Nude or topless sun-bathing is generally not allowed.
You can be fined if you ignore instructions not to smoke or drink in public.
Your passport should be valid for at least six months beyond the end of your intended stay. Please contact your nearest Sri Lankan diplomatic representation for the latest information.
Emergency medical treatment is not easily available outside main cities, and you may have to be brought to Colombo for treatment. Medical facilities are not always of a standard expected in the UK, particularly outside Colombo. Treatment in private hospitals can be expensive and the options for repatriation to the UK or neighbouring countries in an emergency are limited and very expensive.
Dengue fever, Chikungunya fever and malaria – all mosquito-borne disease occur in Sri Lanka. More than three-quarters of British travellers who contracted malaria in 2005 did not take preventive measures, such as malaria prevention tablets.
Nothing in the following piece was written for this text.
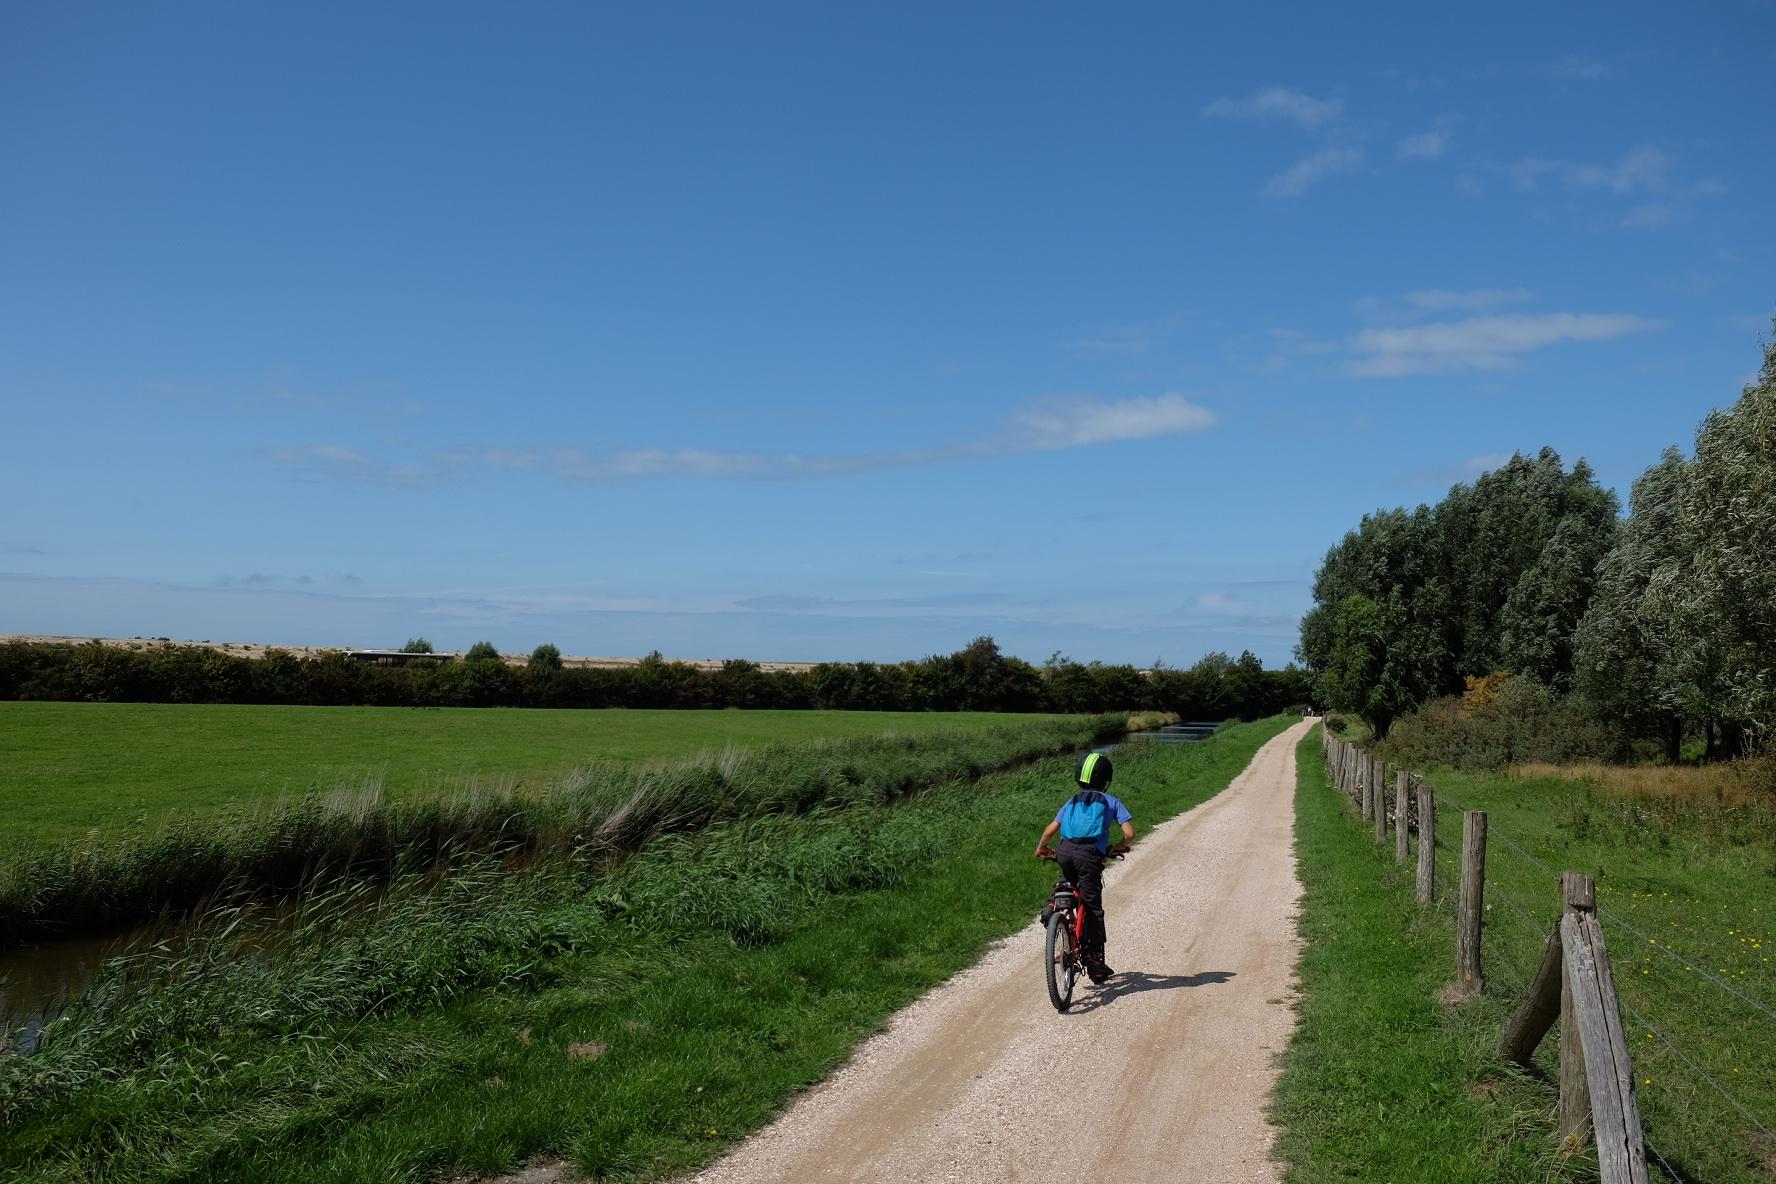 Bravo à Willem, champion de vélo !

However, malaria can occur despite appropriate prevention, and therefore you should promptly seek medical care in the event of a fever or flu-like illness in country or in the first year following your return from travelling to a malaria risk country. Before travelling you should seek medical advice about the malaria risk in Sri Lanka. There are no medicines to prevent dengue or Chikungunya. It is therefore important that you should take precautions against being bitten by mosquitoes while in Sri Lanka.
You should seek medical advice before travelling and ensure that all appropriate vaccinations are up-to-date. For further information on health, check the Department of Health’s website at: www.dh.gov.uk.
Avian Influenza (Bird Flu)
There have been no reported cases of Avian Influenza (also known as Bird Flu) in Sri Lanka during the current series of outbreaks. But the World Health Organisation (WHO) has confirmed cases elsewhere in the region.
You should read this advice in conjunction with the Avian and Pandemic Influenza Factsheet on the FCO website.
The December 2004 tsunami killed more than 30,000 people and caused large-scale damage along the eastern, southern and south western coastline of Sri Lanka. Most hotels and other tourist accommodation in the south and south-west have reopened. If you are planning to travel to areas which may have been affected by the tsunami, check with your tour operators and/or hotel to make sure that tourist facilities are available.
You must be able to show some identity if requested by, for example, the police.
You should follow local advice e.g. from your hotel before bathing in the sea as in many areas there are dangerous undercurrents and strong riptides.
We strongly recommend that all British nationals who are resident, working in Sri Lanka, or visiting for over one month, should register with the British High Commission in Colombo.
You cannot change Scottish or Northern Irish bank notes. Most major banks will change US dollar travellers’ cheques as well as allow Visa and Mastercard cash withdrawals. There are ATMs in major cities but some do not accept international cards. Credit cards should be used with caution due to the potential for fraud and other criminal activity.